It would be great if it weren't a Sony exclusive...


----------



## pgimps (Jan 2, 2012)

Not to troll or anything, but PCSX2 + 1080p Monitor + PS3 Controller is Final Fantasy X in HD and it has been here way longer than this


----------



## prowler (Jan 2, 2012)

Valwin said:


> > _Final Fantasy X_ producer Yoshinori Kitase also told to the magazine he will be involved with this version to make sure the* quality is the same as the original.*
> 
> 
> o boy here we go again


You're taking this the wrong way. He wants it to be exactly the same as the original, don't know why he needs to be there, it's just upping the textures unless they're fully making it HD.



Zerosuit connor said:


> LoL, really oh boy, Final Fantasy 10 wasn't brilliant but it wasn't to bad either.


Japan says you're wrong


pgimps said:


> Not to troll or anything, but PCSX2 + 1080p Monitor + PS3 Controller is Final Fantasy X in HD and it has been here way longer than this


that's a totally different thing, they aren't upscaling.


----------



## Zerosuit connor (Jan 2, 2012)

LoL, really oh boy, Final Fantasy 10 wasn't brilliant but it wasn't to bad either.


----------



## xist (Jan 2, 2012)

prowler_ said:


> Japan says you're wrong




FFX says Japan's wrong. It was cack....worst FF since FFTA, and worst FF on the PS2.


----------



## gokujr1000 (Jan 2, 2012)

It'd be cool if there was some kind of twist and this came out on the 360.


----------



## Ryupower (Jan 2, 2012)

it the same game (maybe the same as the international version)
but it may have even more add to it and many other tweks and changes

but it will still be the SAME FFX that is on the Ps2

one thing that maybe nice
is

you buy the ps3 and vita versions
the SAME save can be used for both


----------



## Zetta_x (Jan 2, 2012)

I don't care what Japan says, I don't care what US says, I don't care what the F the pope say; the 250 hours I spent on a save file for FFX high school was some of the best 250 hours I spent on a game.


----------



## Satangel (Jan 2, 2012)

Gimme DQ VIII instead, kthxbai.


----------



## Gahars (Jan 2, 2012)

Oh, Square Enix, you don't have to.

Seriously, you don't have to. You can stop, it's okay.


----------



## xist (Jan 2, 2012)

Satangel said:


> Gimme DQ VIII instead, kthxbai.



QFT....DQ VIII JotCK was an amazing RPG filled with charm and fun. FFX .....wasn't.


----------



## Tom Bombadildo (Jan 2, 2012)

Hehe...



Spoiler



FFVII Remake instead


----------



## prowler (Jan 2, 2012)

Do we really need this in *every* thread guys?


----------



## SinHarvest24 (Jan 2, 2012)

I would not mind this game at all. I'm actually happy there's gonna be FF-X for PS3. I played the game for ps2 but only got up to Anima and then it was R.I.P., ps2. A sad day it was...

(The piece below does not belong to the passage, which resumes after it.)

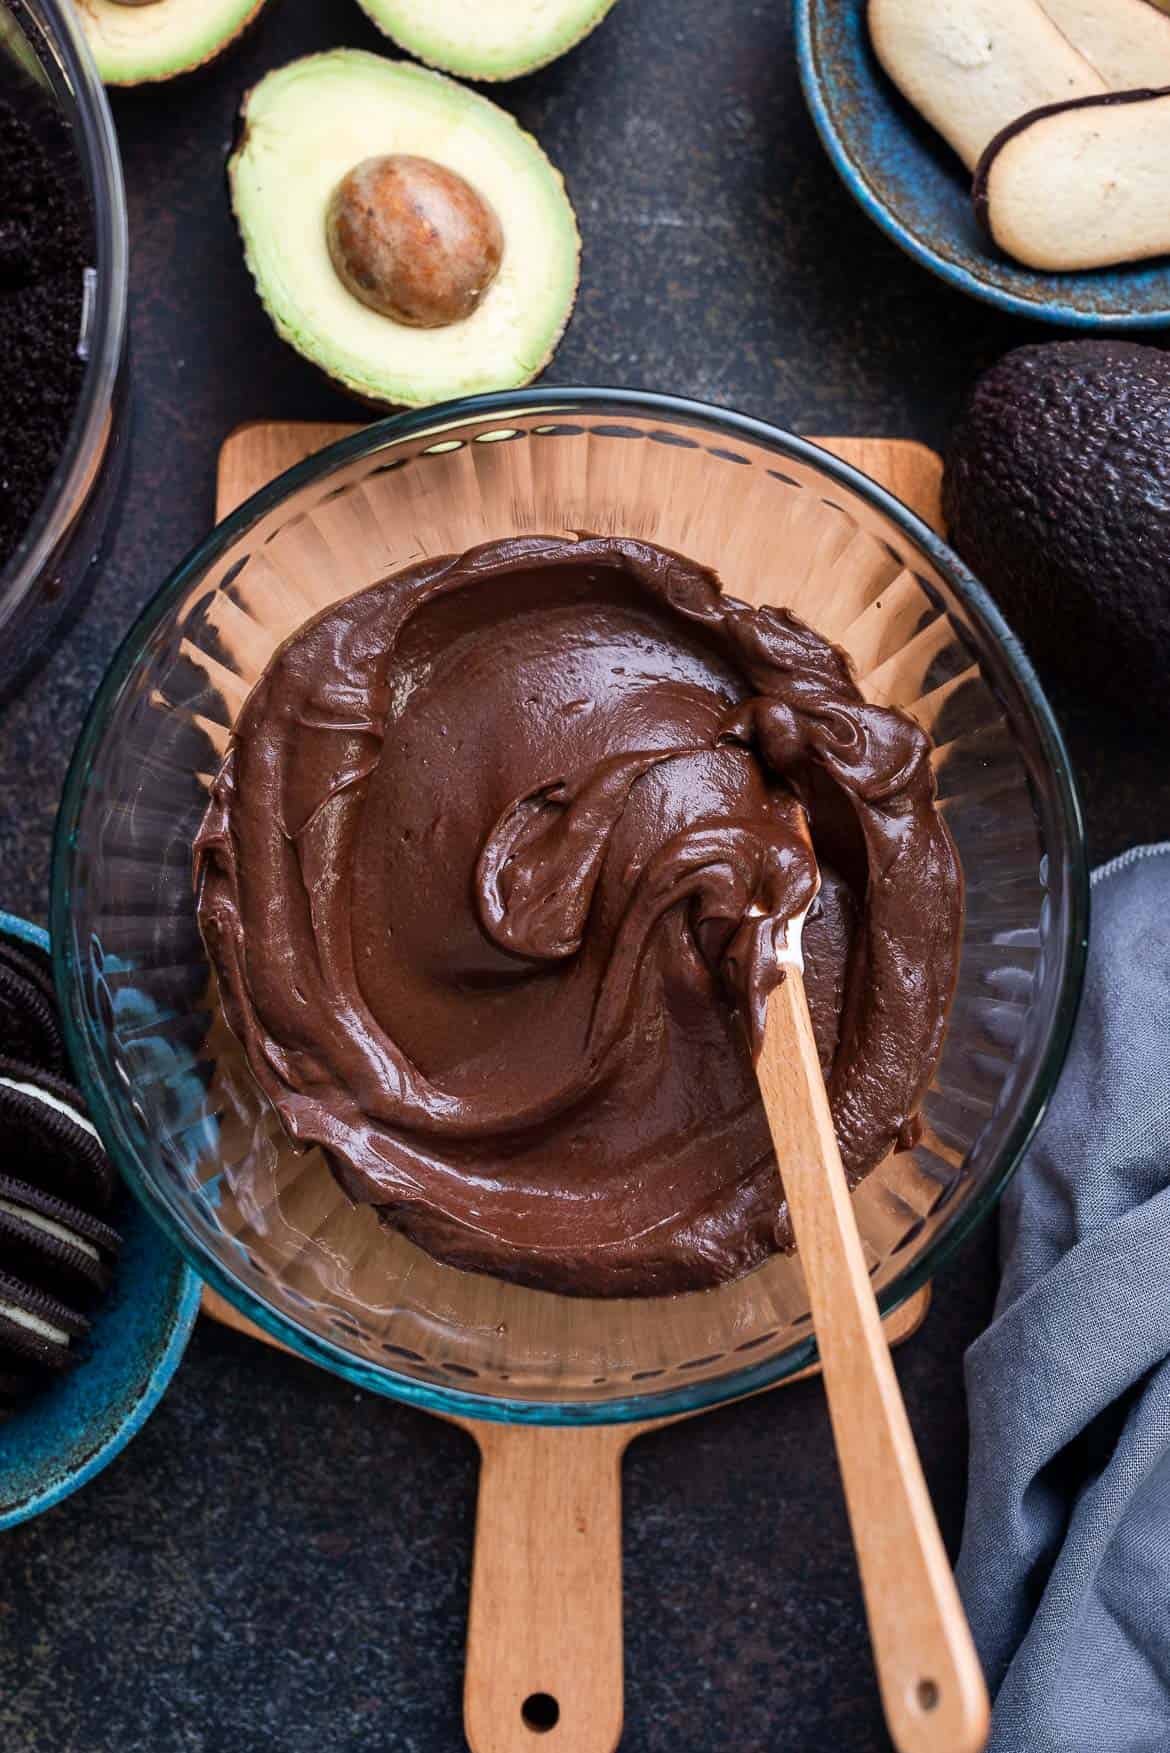 Avocado Chocolate Pudding in a bowl for Halloween dirt cups.
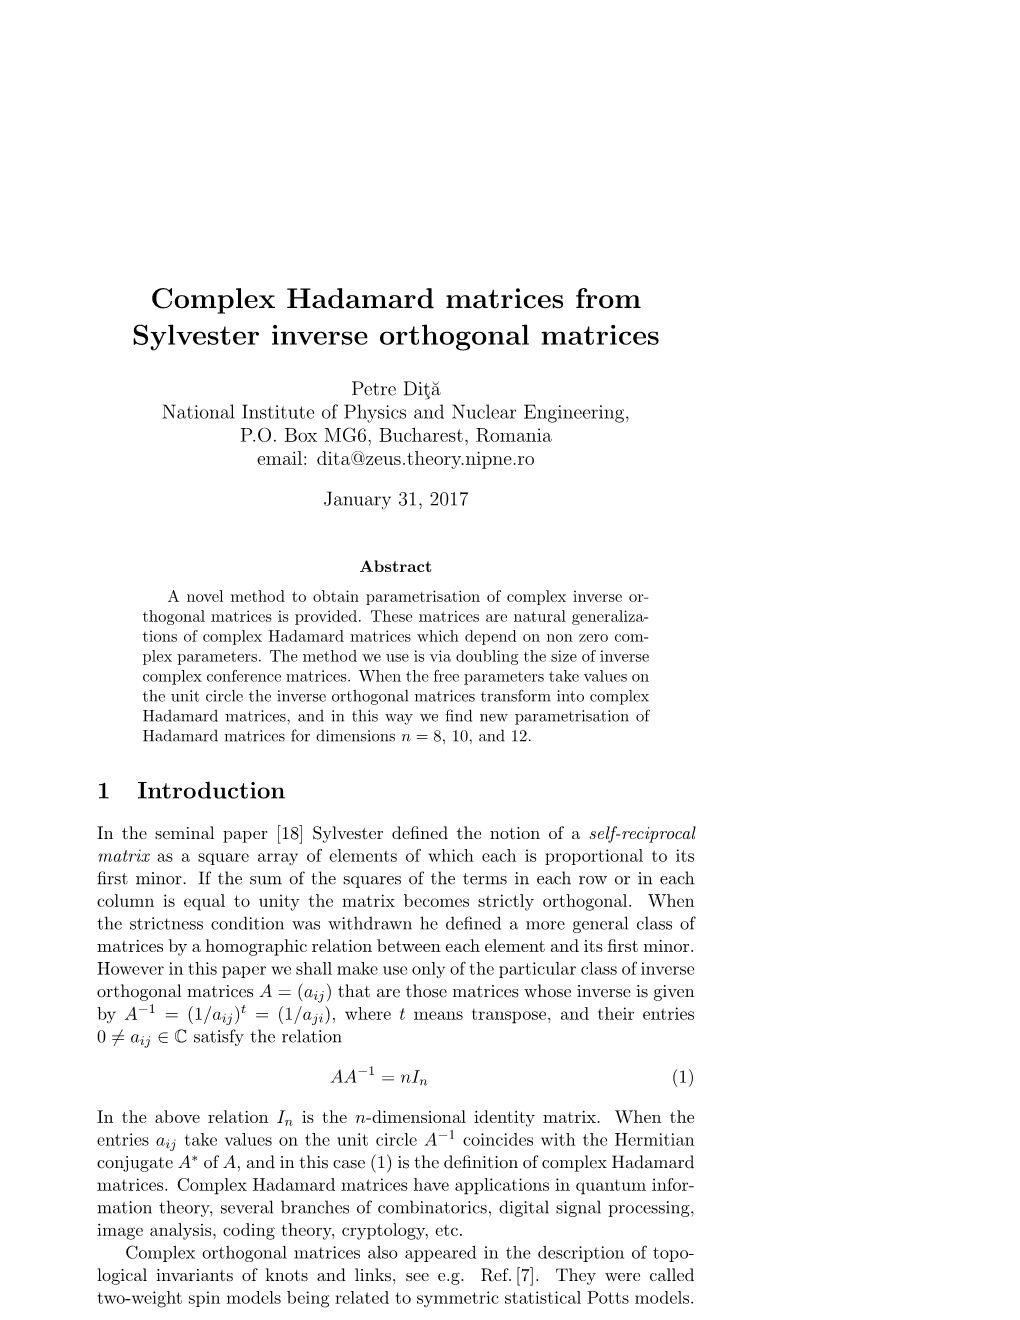 Complex Hadamard Matrices from Sylvester Inverse Orthogonal Matrices

I've wanted for a long time to replay FF-X but there was a lack of motivation to buy a ps2 since i got a ps3.....

Remaking it without any added features kinda sucks though...Would have liked a few extra goodies.


----------



## Rock Raiyu (Jan 2, 2012)

From what I gathered, X is a pretty good game and people were excited for the remake when it was announced. Whats with all the Final Fantasy X hate?


----------



## Guild McCommunist (Jan 2, 2012)

Rock Raiyu said:


> From what I gathered, X is a pretty good game and people were excited for the remake when it was announced. Whats with all the Final Fantasy X hate?



Because people bawww about FF all the time.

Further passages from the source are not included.